>

Blogs

Los viejos del saco

Siempre me gustó la cercanía de los ancianos, y no por ningún sentimiento de piedad (en el fondo, la piedad rebaja a la otra persona), sino por verdadero interés. De niño quise que me transmitieran, mientras aún estaban a tiempo, algo del mundo que habían vivido y que cargaban como un pesado bulto. Con frecuencia ese bulto era literal: antes la mayoría de los viejos siempre andaban doblados por un misterioso saco de arpillera al hombro, que nunca me atreví a preguntar qué contenía. Un fardo que dejaban a un lado cuando venían de visita, se paraban a descansar en la cocina familiar y se les preguntaba: “¿ha almorzado usted?”

Antes, en las casas, no había día sin su viejo o vieja de visita, pero por alguna razón nunca coincidían dos o más ancianos al mismo tiempo, como si se hubiesen puesto de acuerdo.
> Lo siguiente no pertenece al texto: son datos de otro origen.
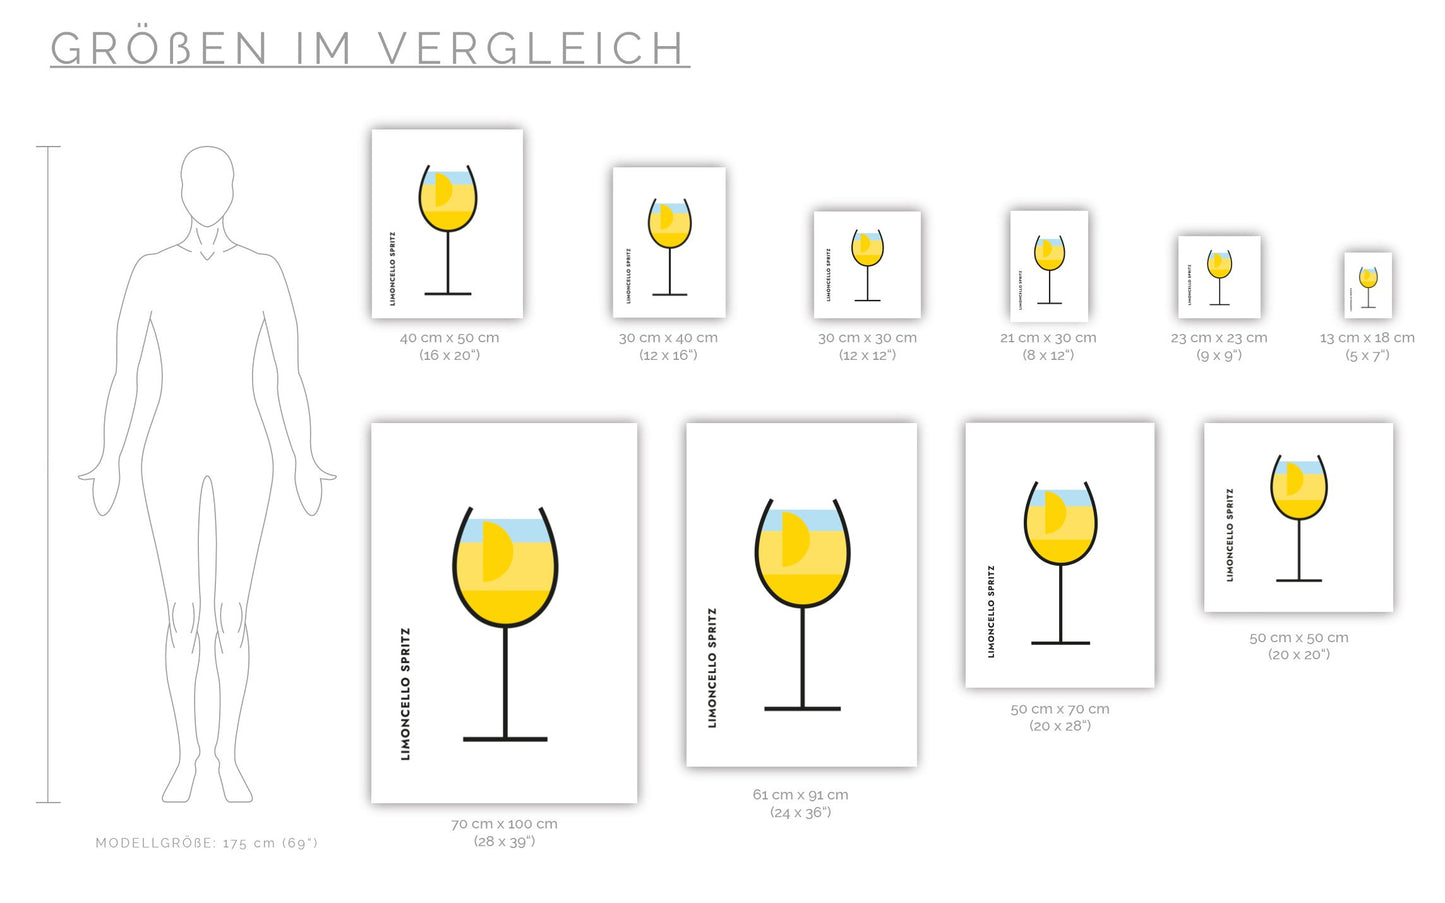 Poster Limoncello Spritz im Glas (Bauhaus-Style)

Los visitantes que se pasaban a saludar una vez al año parecían formar parte del ciclo natural, de modo que si, por ejemplo, era el tiempo de las brevas, se esperaba la llegada inminente del viejo Fulano, y no la de Mengano.

Yo era ese pequeño personaje sentado en la cocina con las piernas colgando de la silla, escuchando todo cuanto los ancianos tenían que decir. Era mucho mejor que irse a jugar. Ya nunca me interesó gran cosa la compañía de los de mi generación. Encontraba que no tenían nada relevante que aportarme, excepto camaradería. En los viejos encontraba la auténtica vida, que me la pasaban como un regalo mientras a ellos se les escapaba aleteando. Cuando se levantaban para irse iban dejando un reguero invisible de vida hasta el ascensor. Tal vez ya no volvían jamás.
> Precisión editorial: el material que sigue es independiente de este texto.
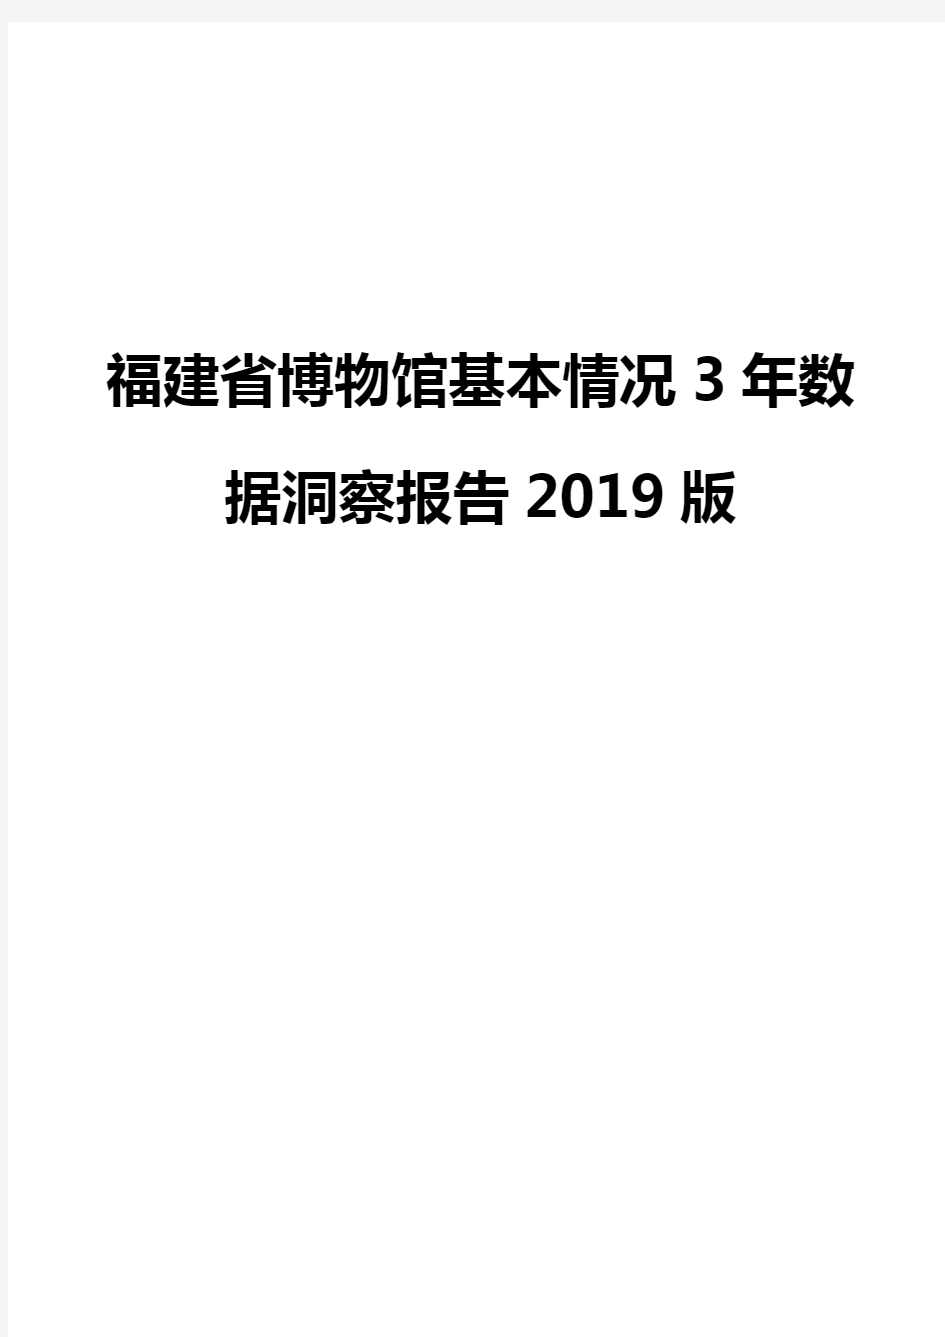 福建省博物馆基本情况3年数据洞察报告2019版

Estamos hablando de un tiempo en que las costumbres del campo aún estaban muy recientes y los pisos de las ciudades eran jornadas de puertas abiertas, con el permiso del portero, que era capitán general y decidía incluso imponiéndose sobre los intereses de los inquilinos (fue una importación francesa, copiada de las temibles porteras parisinas). Una vez pasado el fielato de la portería, llegaban los viejos sin avisar. Alguna vez incluso después de transcurridos treinta años -aquello siempre tenía algo de milagroso reencuentro con gente que se creía desaparecida en una catástrofe planetaria-. Antes los viejos daban con todo el mundo aunque no supiesen el paradero, preguntando aquí y allá, como los carteros, o como la mafia.
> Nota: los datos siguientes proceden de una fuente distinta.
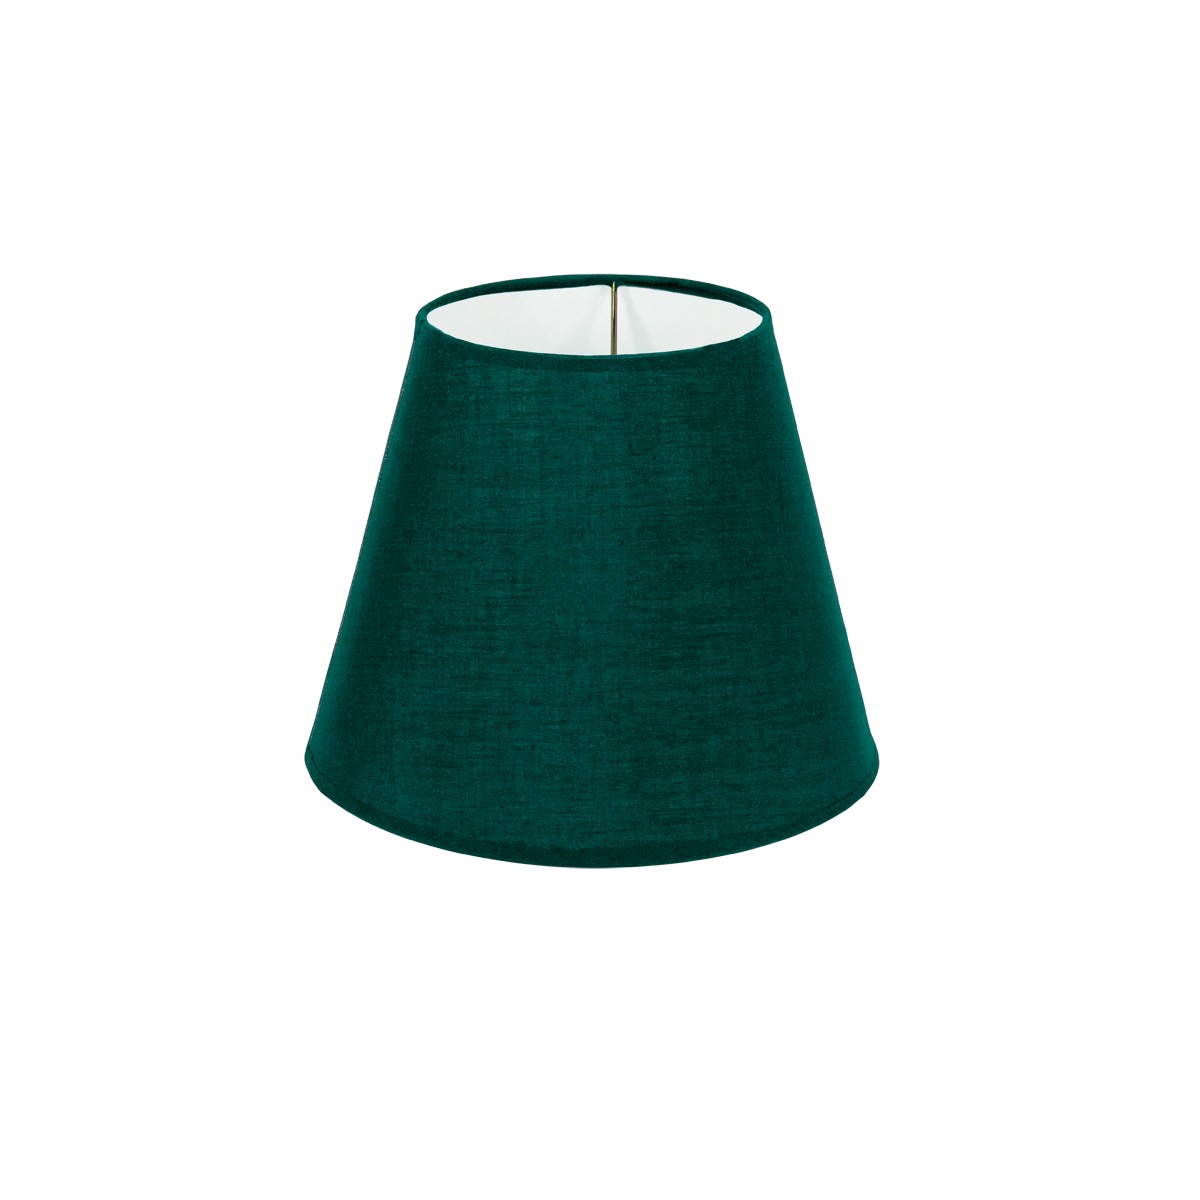 Καπέλο Μονόχρωμο Στρογγυλό Φ22cm Κάτω Πλευρά -Σε Πράσινο Χρώμα        VK/E27/E14/D22/GR

De niño no tenía más que esperar en la mesa cubierta de hule de la cocina, sentado en una silla con las piernas colgando, para que fuesen pasando de visita mañanera todos aquellos ancianos cargando sus sacos. Conforme mis piernas fueron llegando al suelo dejaron poco a poco de pasar. Cuando ahora me quedo solo en una cocina, que ya son espacios asépticos sin ninguna vida orgánica, me doy cuenta que en una sociedad tan envejecida como la española ya no llaman a la puerta aquellos seres desdentados y sonrientes, alegres de poder transmitir la experiencia a quienes no tenían ninguna, y que anualmente venían a hacer su ronda hasta que un día llegaba la noticia de que no la harían más.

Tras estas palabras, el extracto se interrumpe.